### DATASET CONTENT
···

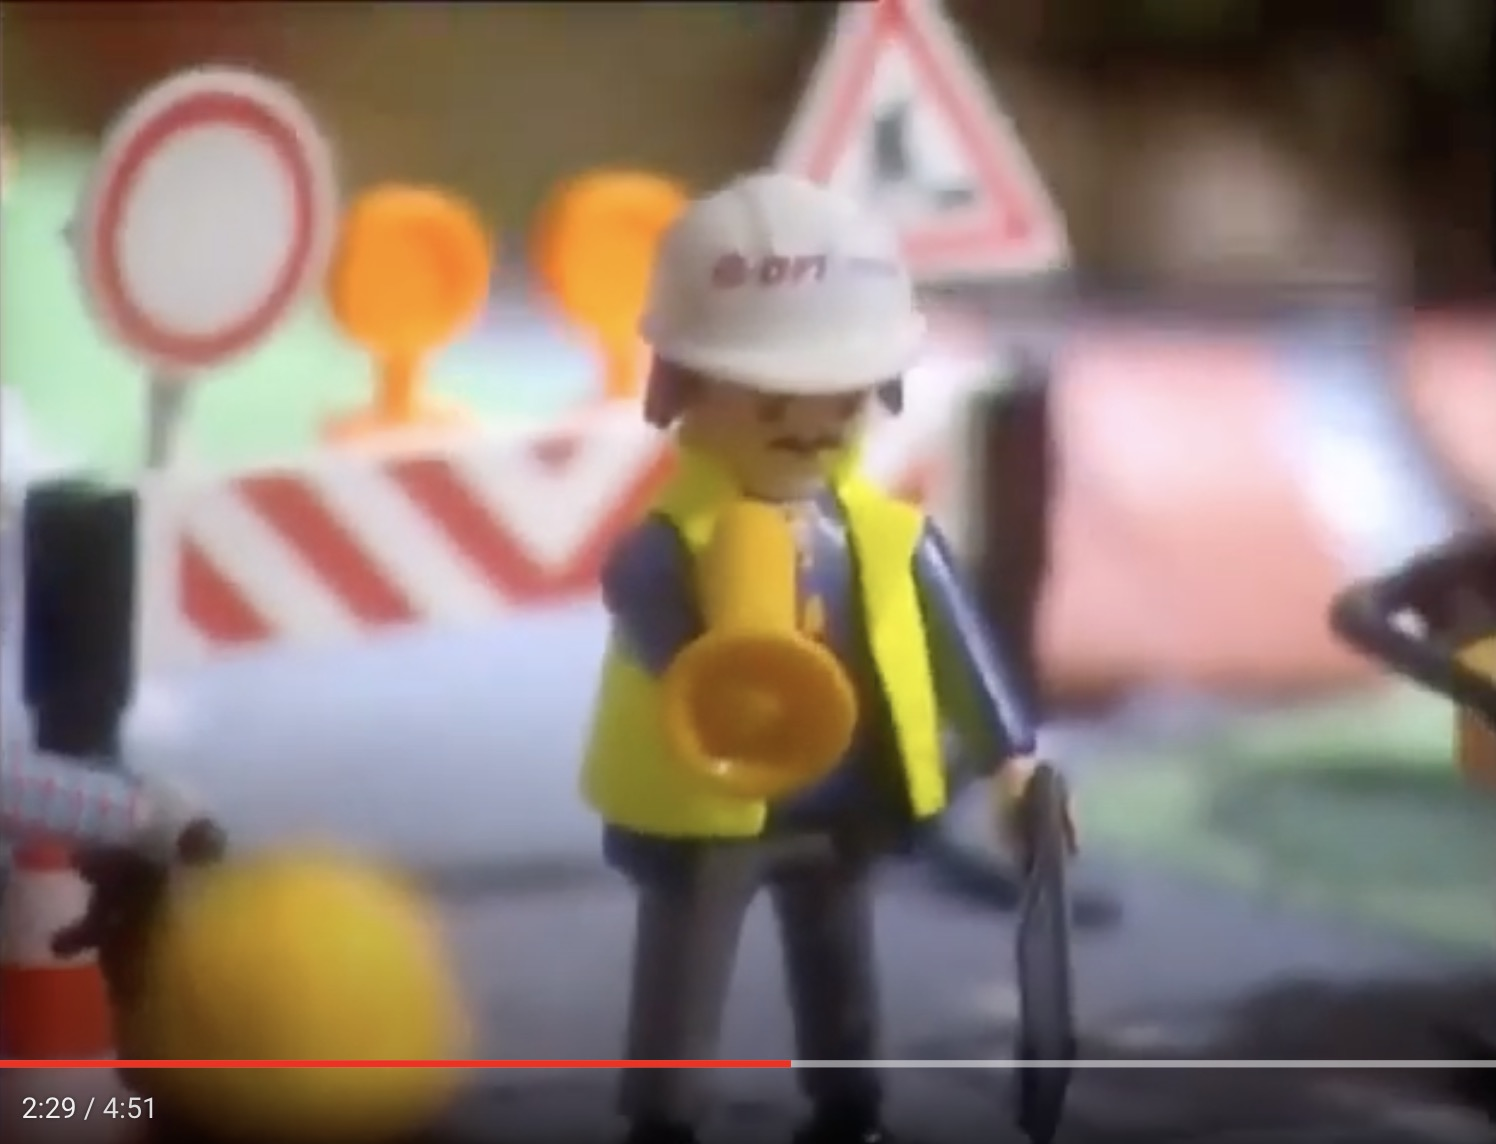 E.ON Spielfigur in Baustellenlandschaft
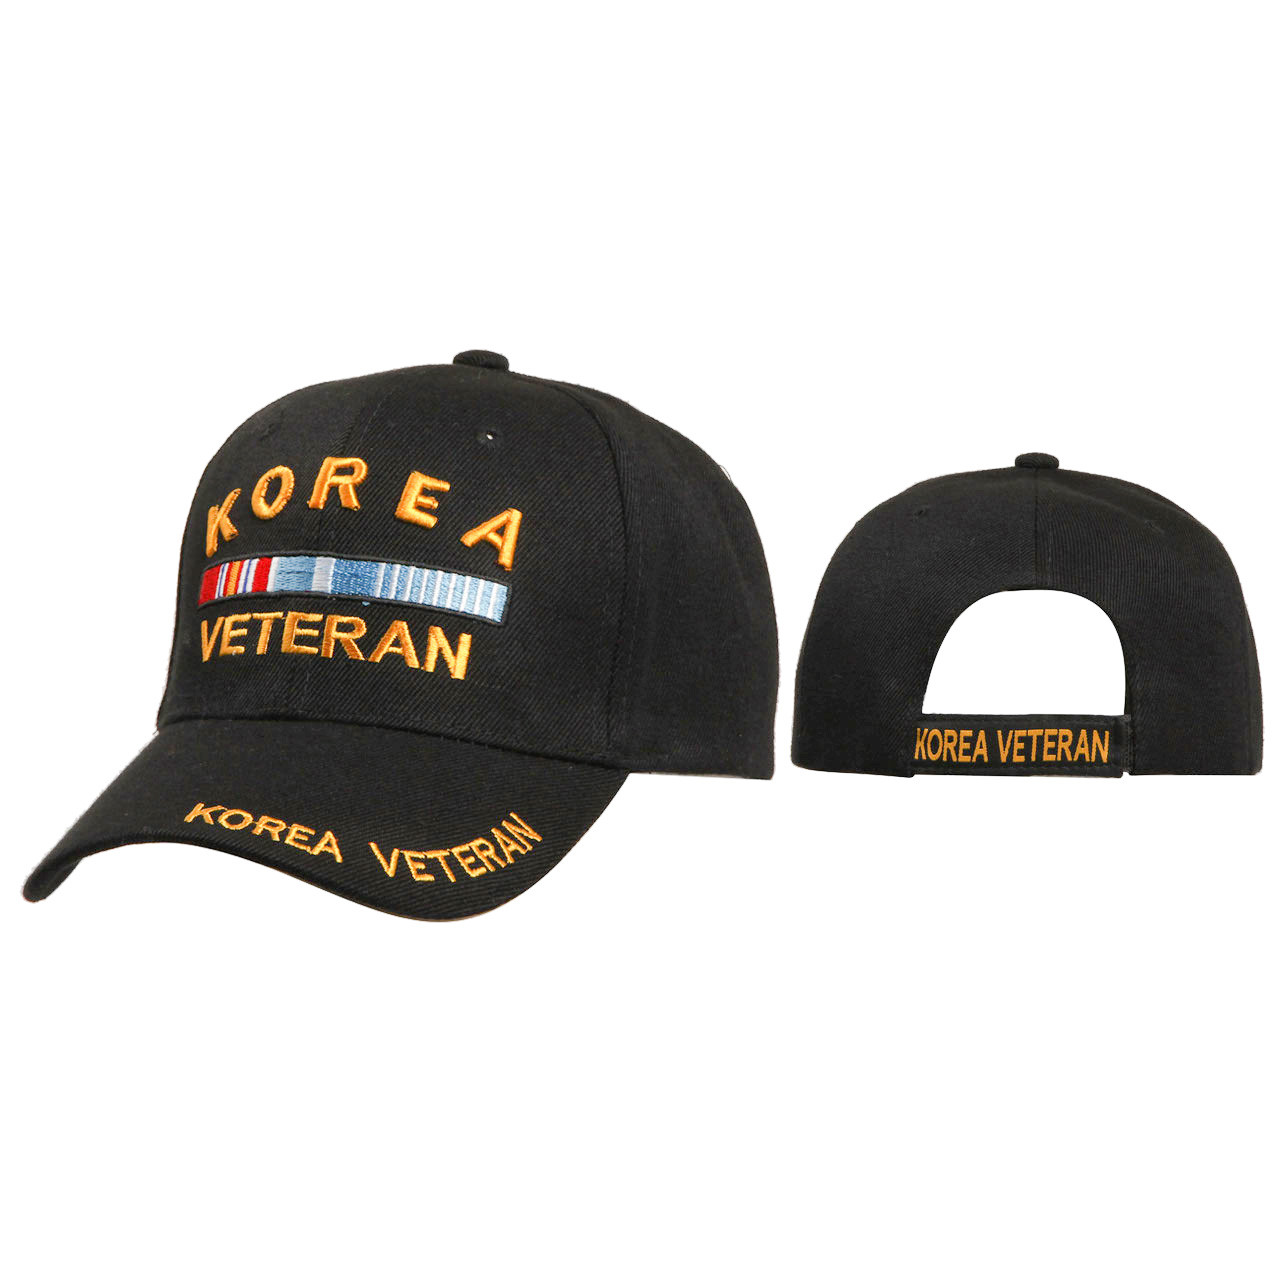 Veterans Baseball Caps Wholesale C155 ~ Korea Veteran
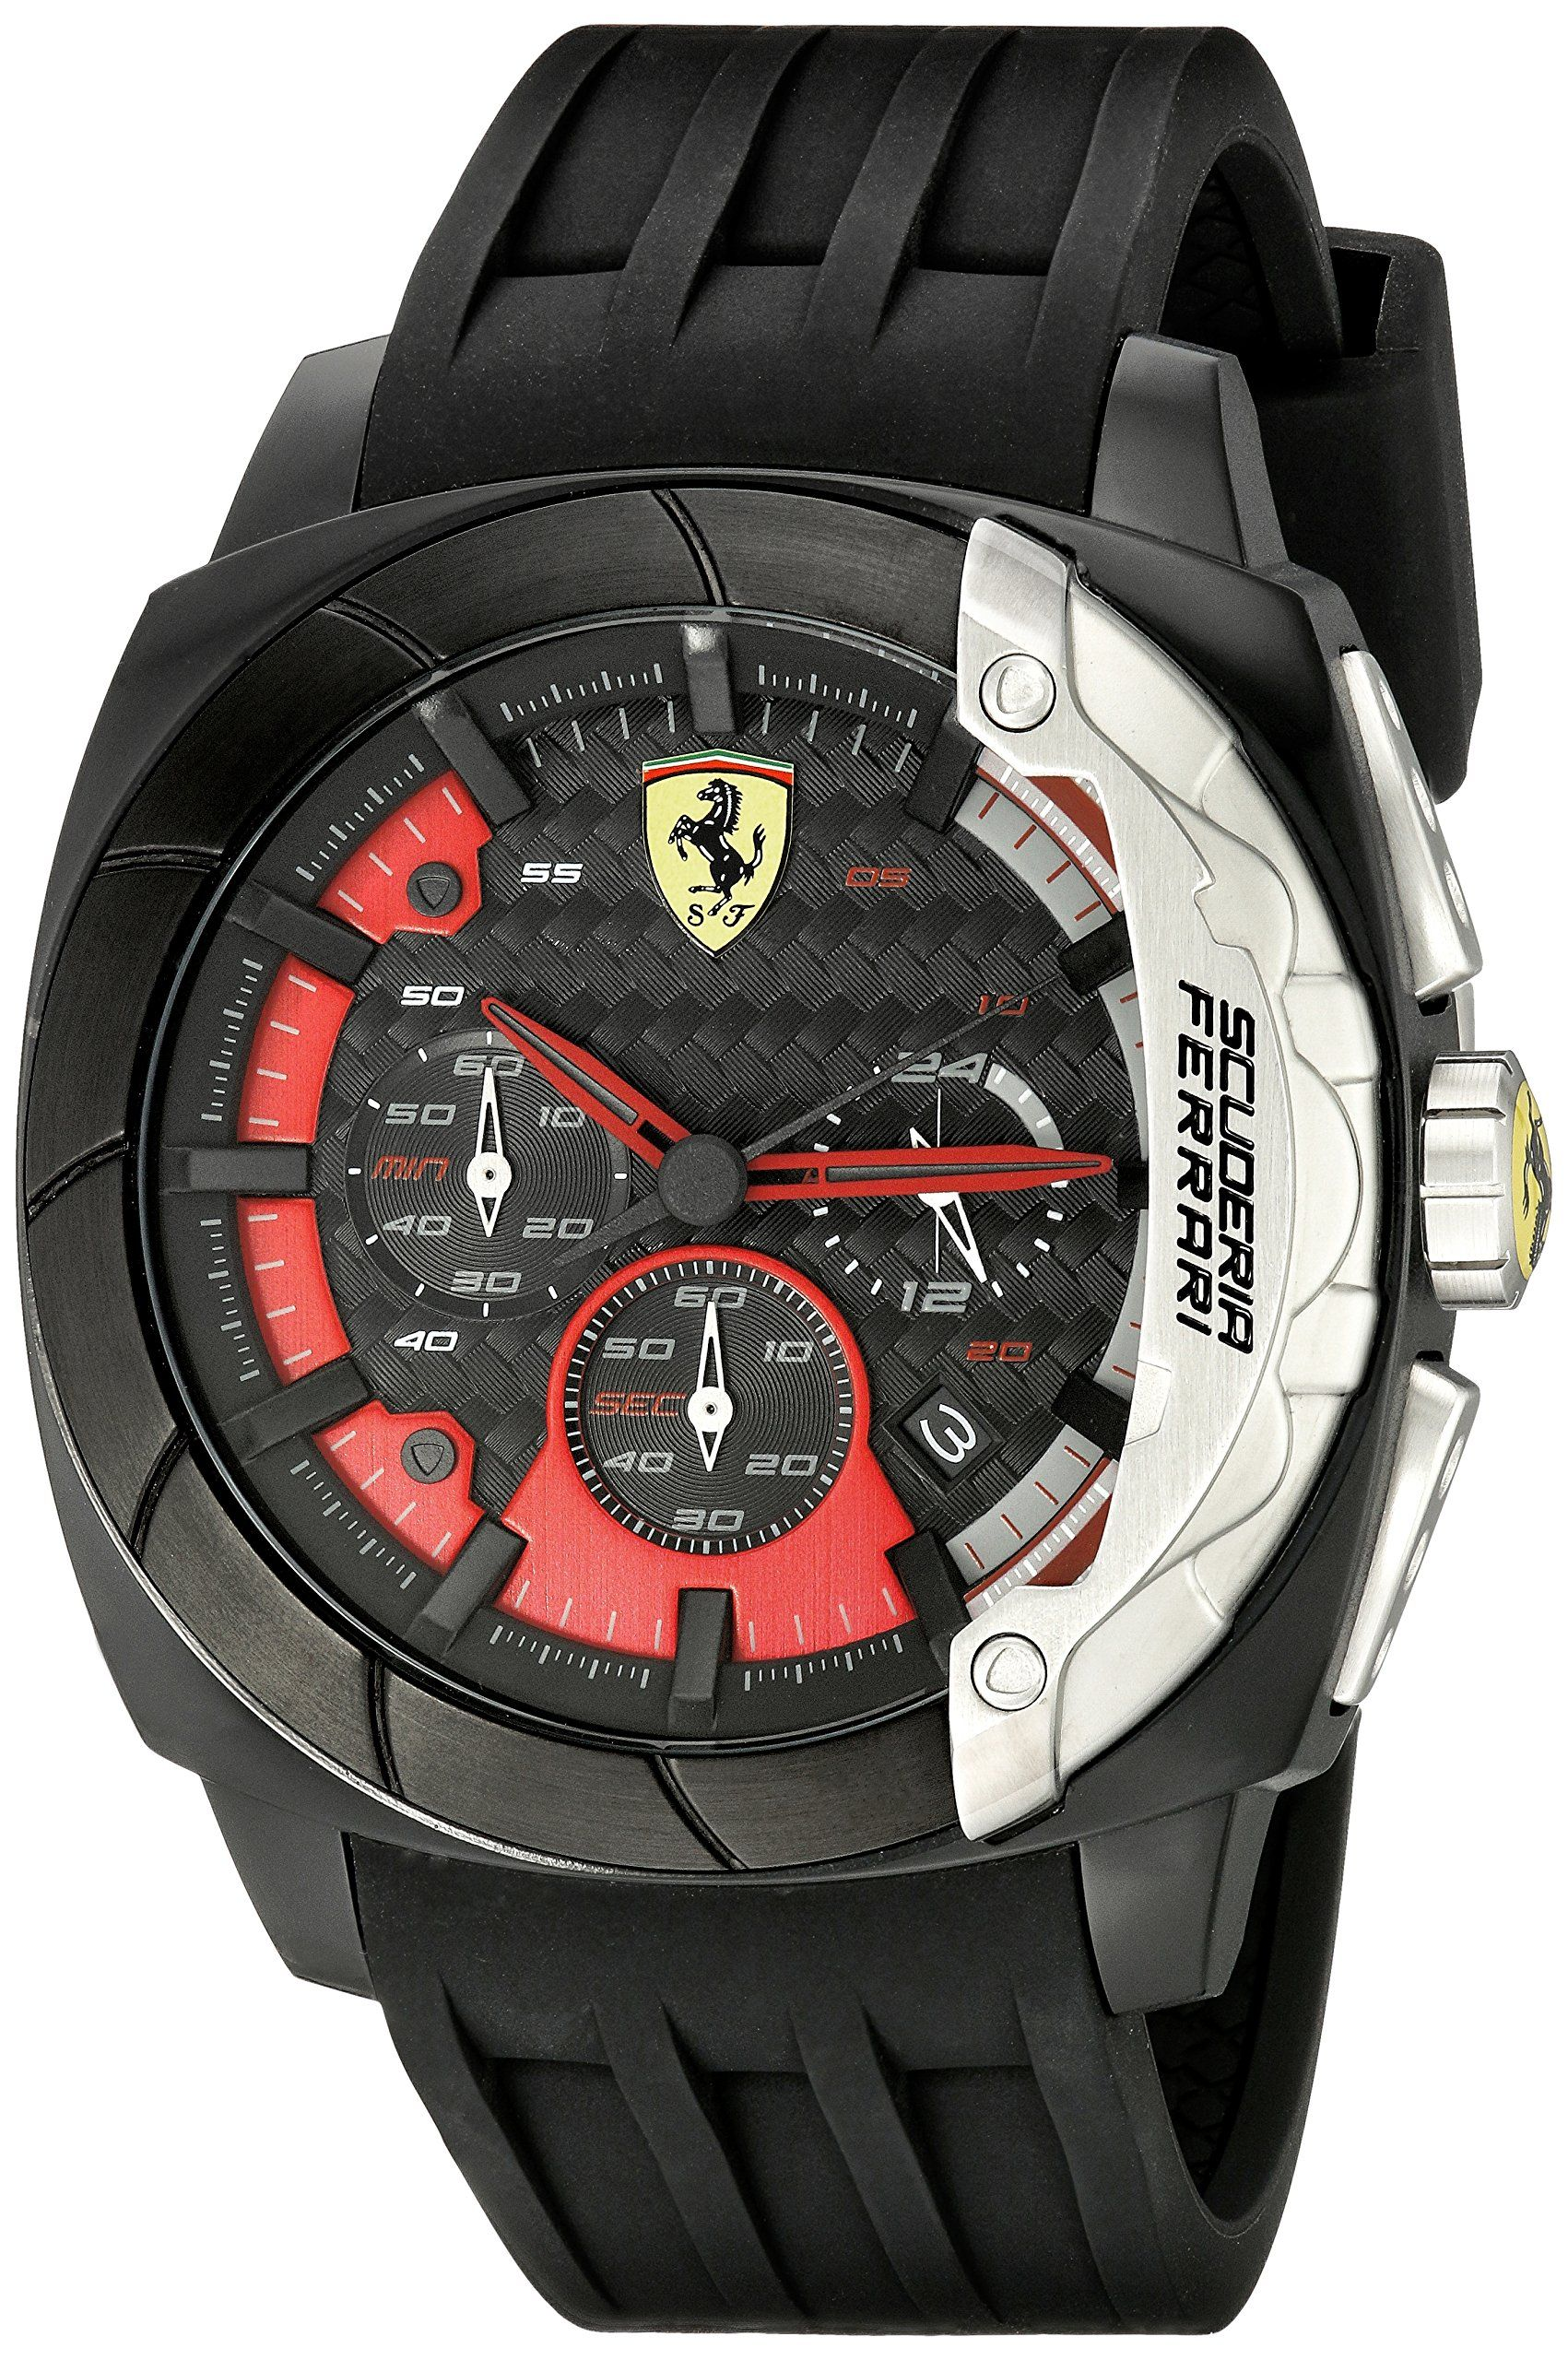 035b1b0442f Ferrari Men s 830205 Aerodinamico Analog Display Quartz Black Watch ...

···

### EXERCISE OBJECTIVE
Retype the listing above exactly as it appears, omitting the pictures.

### OUTPUT OF THE EXERCISE
 E.ON Spielfigur in Baustellenlandschaft
 Veterans Baseball Caps Wholesale C155 ~ Korea Veteran
 035b1b0442f Ferrari Men s 830205 Aerodinamico Analog Display Quartz Black Watch ...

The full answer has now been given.